If TowerFall: Ascension had launched around the same time as Super Mario Bros, many of us may never have found the princess. It’s not just the pixel-art graphics, but the entire feel of TowerFall that makes it addictive. In every moment, you must gauge how many arrows you have, where the last arrow landed, where enemies (or friends) will drop in and how many shots it will take to obliterate the nearest threat. It’s a whole-brain game with minimal controls, and it’s the most fun I’ve had with a bow and arrow since The Year Of The Bow – or even the 1980s.
Banished is a series of small goals that feed into one ever-looming command: survive. Every game starts in the spring, and before winter hits, you need to get enough firewood, gather a decent supply of food, and build some houses to keep your citizens from freezing to death. Just getting enough food is tough, because you rarely have enough time or free land to get a proper set of crops growing. Instead, you’ll be chopping down as many trees as you can before getting a fishery going in a nearby lake or river. Then you hunker down and hope nobody dies.
People, more than anything else, are your vital resource. They need homes, food, decent clothes, tools, emotional support, medicine, and more. Every mechanic, every building you can place, and everything else you can do relates back to that central theme of survival. If you can’t gather enough food, your people die. If they’re stuck outside for too long, or don’t have warm clothing, they die. Each time you fail as their leader, you’re reminded of the loss with a grating sound and a yellow gravestone. These serve as a one-two punch to punish you for failure because losing citizens makes it that much harder to keep up the resource flow.

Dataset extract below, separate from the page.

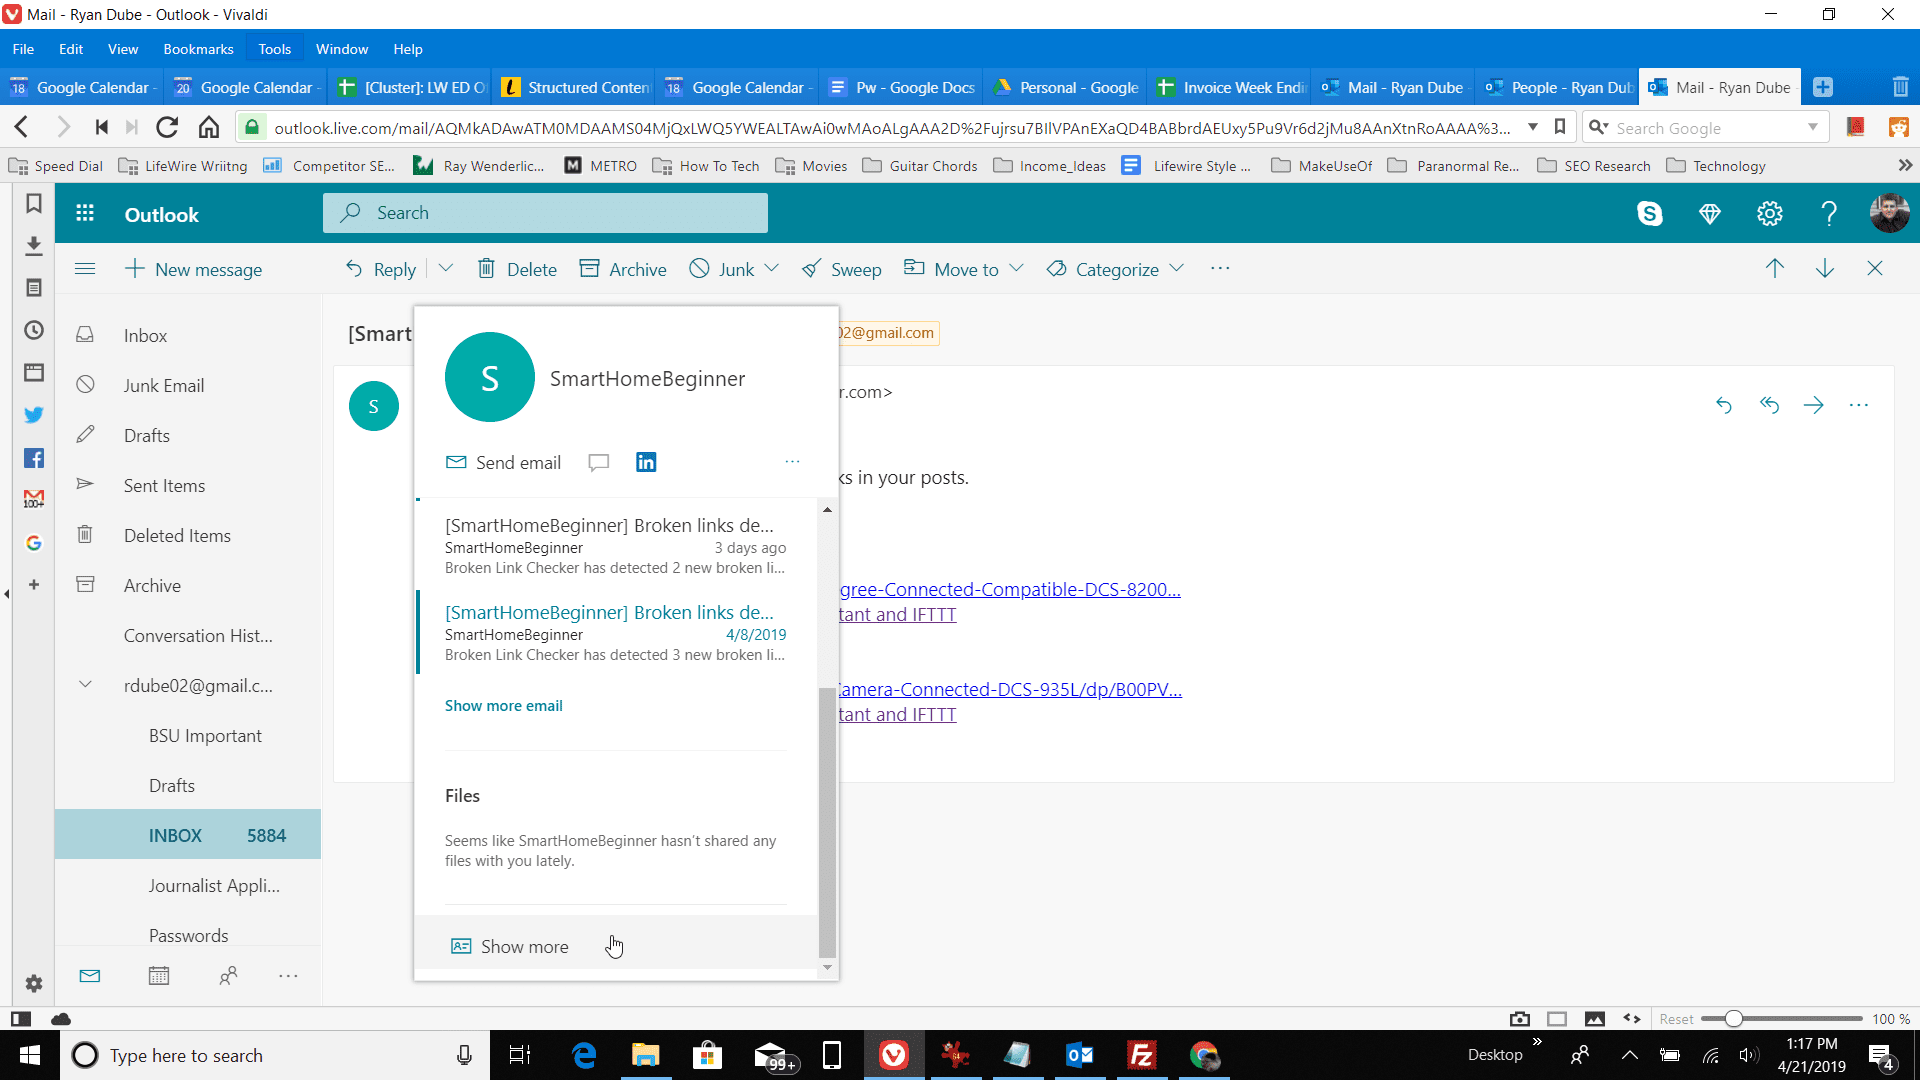 Captura de tela do link Mostrar mais para um contato do Outlook.com

Like most games of its type, Banished has a number of natural disasters that strike your populace. In many ways, they serve as a kind of random “boss fight” in the sense that they will often test one aspect of your infrastructure. Diseases test the health of your population, fires your city planning, and tornadoes your ability to rapidly rebuild before winter comes again. With Banished already amounting to a desperate attempt to stave off death, disasters can be absolutely devastating for the unprepared. When pests hit your crops and you’re already barely squeaking by each year, you’re going to start losing a lot of people. Those kinds of cascading failures contrast with the almost hilarious scenarios that surround SimCity’s giant robots or aliens.
While the process of survival is never-ending, holding out against the elements amid the hostility of the untamed natural world is a small but powerful personal victory. Villagers have names; they’re born, grow up, and eventually die under your intense supervision. Banished reinforces the human drama with its brutal difficulty and negative feedback loops. It’s fertile soil for some of the most remarkable emergent storytelling around. With relatively few, well-designed mechanics, the game weaves a powerful tale of empathy and desperation and is a high-water mark for narrative elements that mutually reinforce mechanics. Even better, this is a very human story divorced from the Western tropes common in the loosely imperialistic messages of other, similar games. It’s just you, your people, and their strong desire to live.